Another bit of unsolicited but hopefully useful advice… People don’t seem to appreciate how far you can get with just appending log lines to a text file. For some reason, it’s a popular notion these days that you can’t build anything without a database, but that’s not true. Particularly if all you’re trying to do is record time series sensor measurements, appending lines to a text file works great. If you start each line or record with a timestamp, It’s easy to make filters to pull out data for time spans that you care about for charting or the like. When your data is text, you can use all the normal unix tools to great effect–rsync for replicating data, grep for filtering and searching, gnuplot or python and matplotlib for making charts, etc.
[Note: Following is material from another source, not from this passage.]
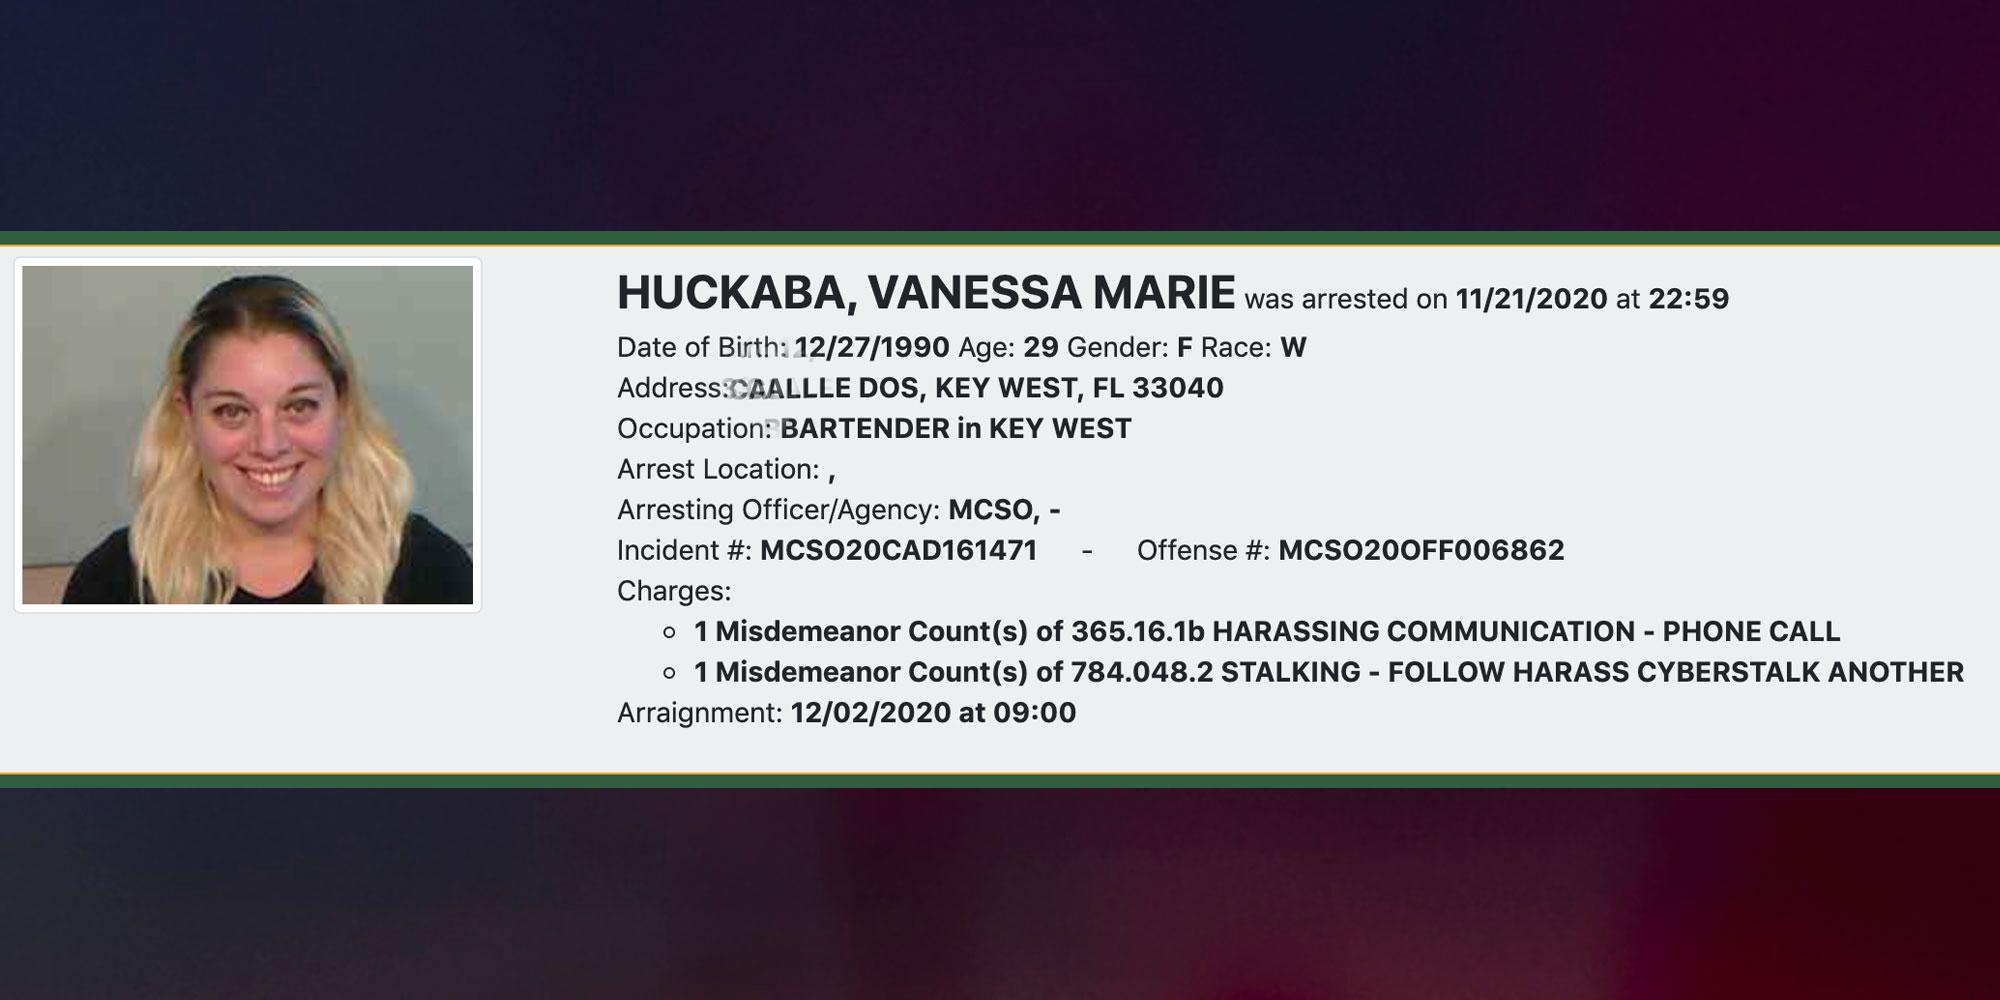 Vanessa-Huckaba-monroe-county-booking-tcd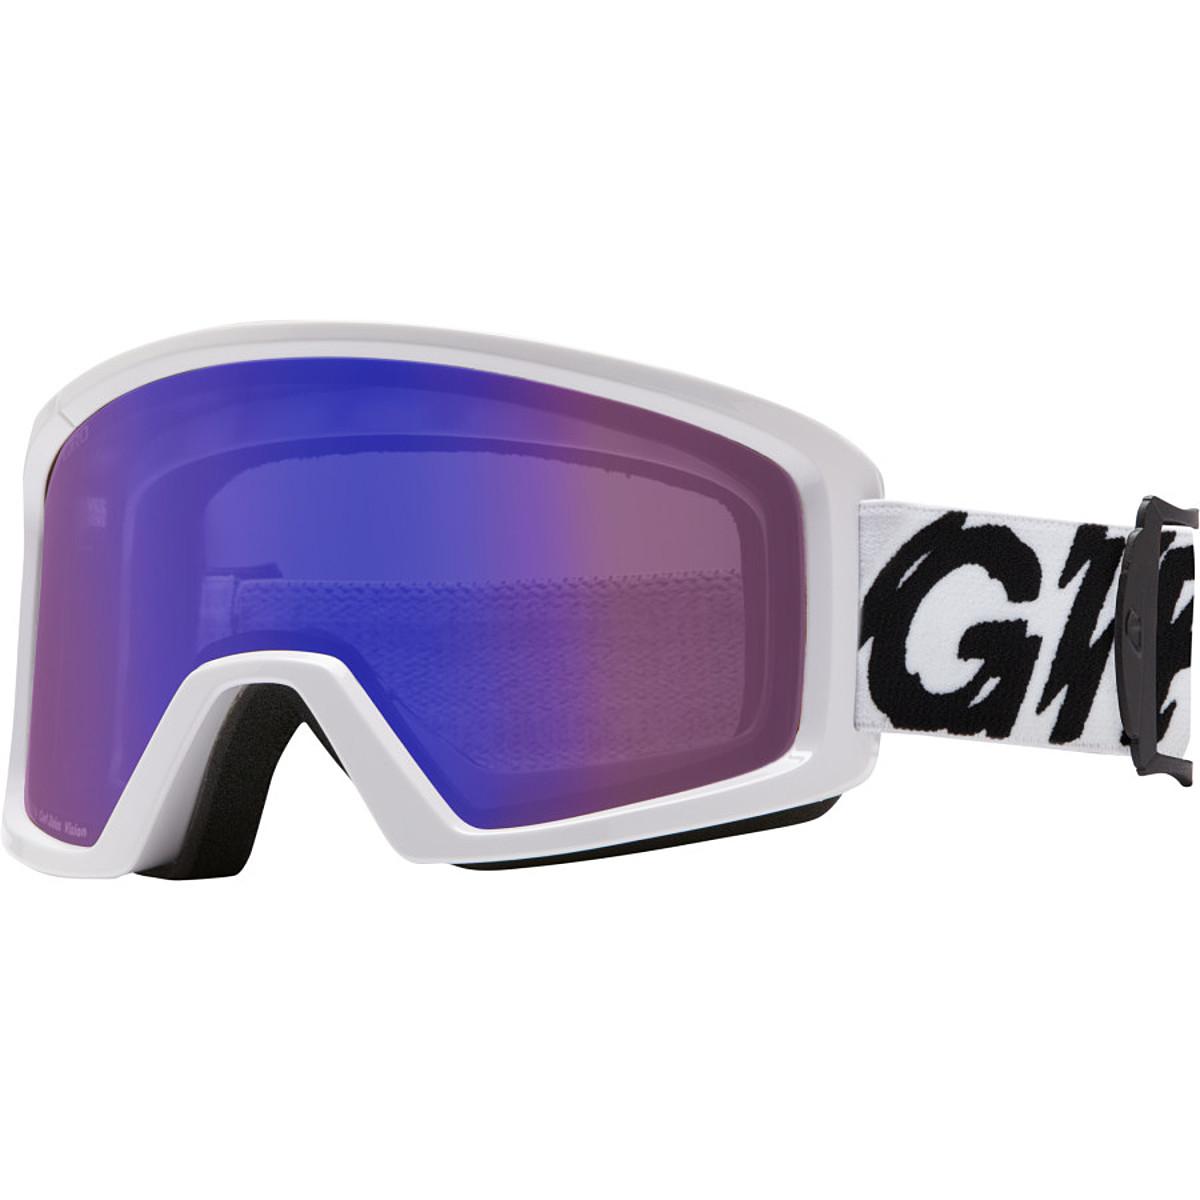 photo: Giro The Blok goggle

That said, there are times when a relational database is a good choice for recording data.


#5

I agree with you that text files meet a lot of needs, and for a minimal project should be the starting point. The first version of the MVP logged to a text file, and I only recently dropped it. The issue I find is that while I can easily build tools for working with text, there comes a point where it is easier to get a package where others have already written and standardized the tools and I can get back to focusing on the business issues. CouchDB has the tools for query, replication and web access, otherwise I regard no-sql databases as basically flat file managers (leaning toward JSON format).
There is always the danger of letting technology glitz get in the way finding the best solution to the problem.


#6

I believe you are just recommending a ‘model-view-controller’ pattern. Store the data in scientific standards (Celsius for the model), but let the view translate to whatever makes the user comfortable.
Having worked with international systems, it was a pain to figure out who was using what ‘standard’ (bushels, tons, metric tons, and multiple Indian standards) and trying to convert everything on-the-fly for analytics and reporting. Not only difficult, but also hard on performance. Converting at the interface is a lot easier.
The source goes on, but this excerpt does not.